Just some thoughts on how to get your "root monster" to bloom!!
First of all, your phal looks VERY healthy, so that's good! But it looks like it needs to be repotted to me. (I say this knowing everyone has different ideas about when to repot, but I've generally found my phals to be happiest when most of the roots are contained). I see that you've got the plant secured so it doesn't fall over, and if you put it in a bigger pot it will feel more secure, and you won't need to tie it down. So that's the first thing I would do if I were you.

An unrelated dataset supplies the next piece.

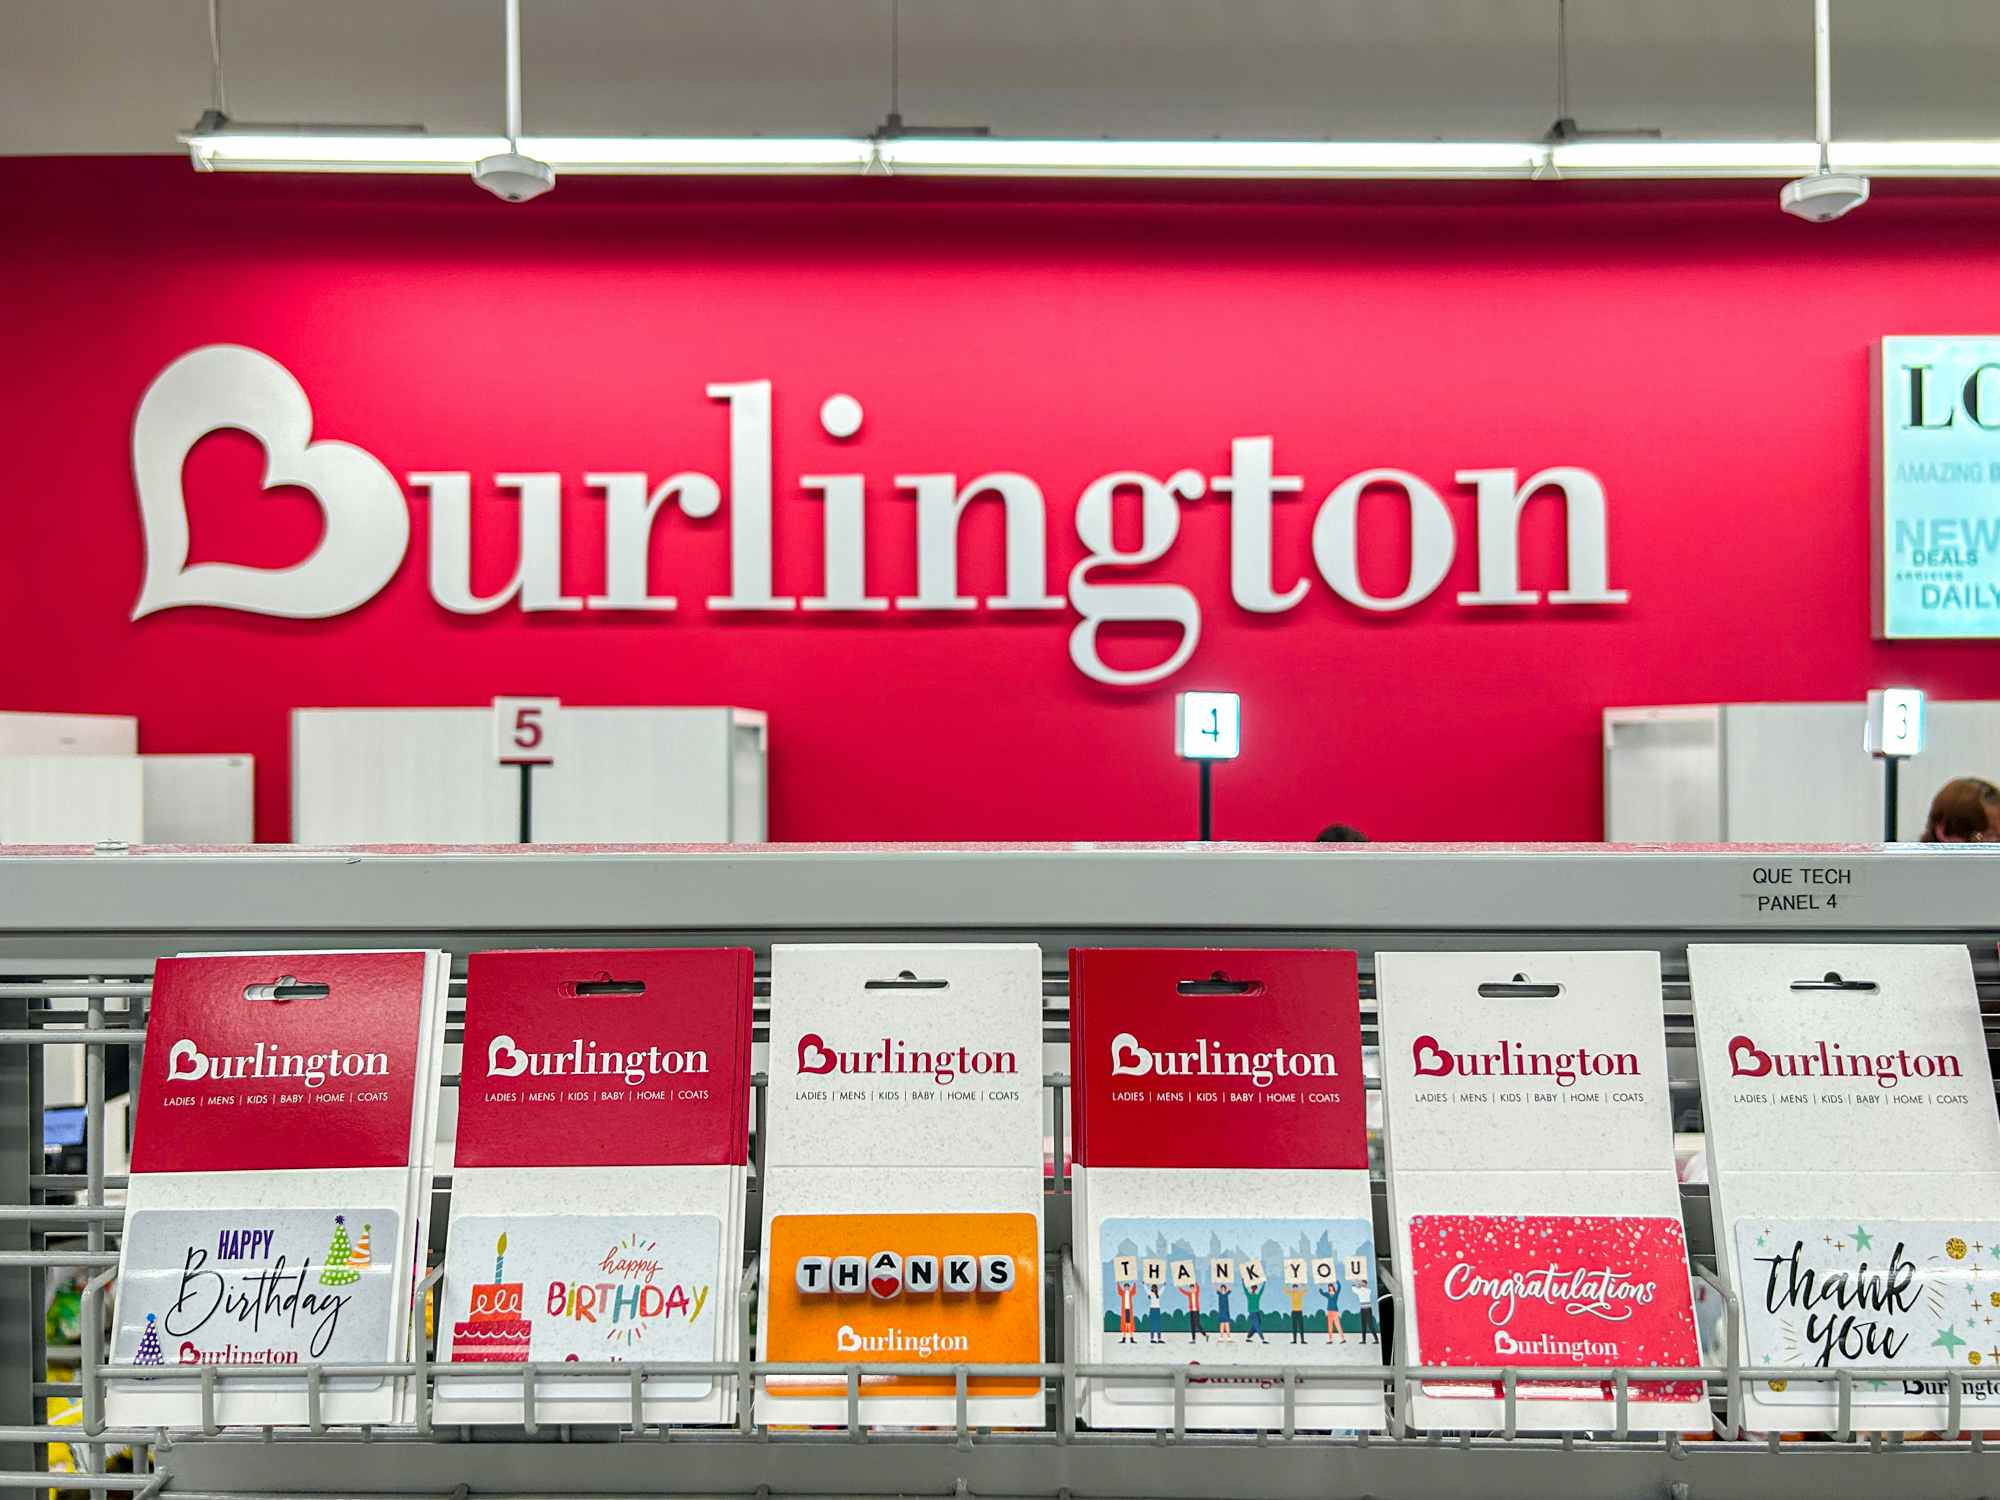 burlington gift cards with a burlington store sign in the background

The next thing I would do is adjust the fertilizer. Have you been fertilizing with a typical orchid fertilizer? If so, they're generally high in nitrogen, which encourages foliage growth, but not flower formation. If you have been regularly fertilizing with a high-nitrogen formula, you may be shooting yourself in the foot, because you're basically telling the plant to grow, grow, grow more leaves! LOL That's great for plants that need to build up new growths before they'll bloom again (like paphs), because it will help those leaves grow in faster and therefore lessen the time to blooming, but phals don't need to grow lots more leaves before blooming again.
You can switch to a "blossom booster" formula if you like, or you can take a break from fertilizing altogether. If you've been fertilizing regularly for quite some time, it might help your plant to have a rest period so it can save up its energy for flower production.

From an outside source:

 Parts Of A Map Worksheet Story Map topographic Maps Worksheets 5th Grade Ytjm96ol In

This is how I generally get my phals to rebloom:
When the spike dies all the way down, I chop it off at the base of the plant, then I move the plant into a lower-light setting for about a month. During this time I don't really fertilize, and I water a little less. This gives the plant a rest. Then, after about a month, I'll move the plant back to a higher-light setting, water more frequently, and fertilize. After a few weeks, the increased light and water usually triggers the plant to throw out a spike.
It seems like you've already moved the plant to a lower-light environment, right? Then you noticed the leaves were growing in darker, so you moved it back? This is exactly what I do to encourage spiking, so I would leave the orchid in the higher light and lay off the high-nitrogen fertilizer. A blossom-boosting formula with less nitrogen would probably help.
Lastly...don't lose hope! I don't think you've been doing anything wrong...I've just found that sometimes phals need a little "kick-start" to get them to spike after a period of leaf-growing or root-building (which it looks like yours has been quite busy doing! LOL)
And don't despair about that spike. The very first time I rebloomed an orchid, it was quite by accident...the plant had gotten knocked over and the spike had snapped. Wouldn't you know...within a few weeks it grew a whole new spike from the node right below the break. Then it bloomed! I was amazed...that was how I learned where to cut the spikes when the flowers fall off!
Good luck, and make sure to share pictures of those pretty blooms when they finally arrive!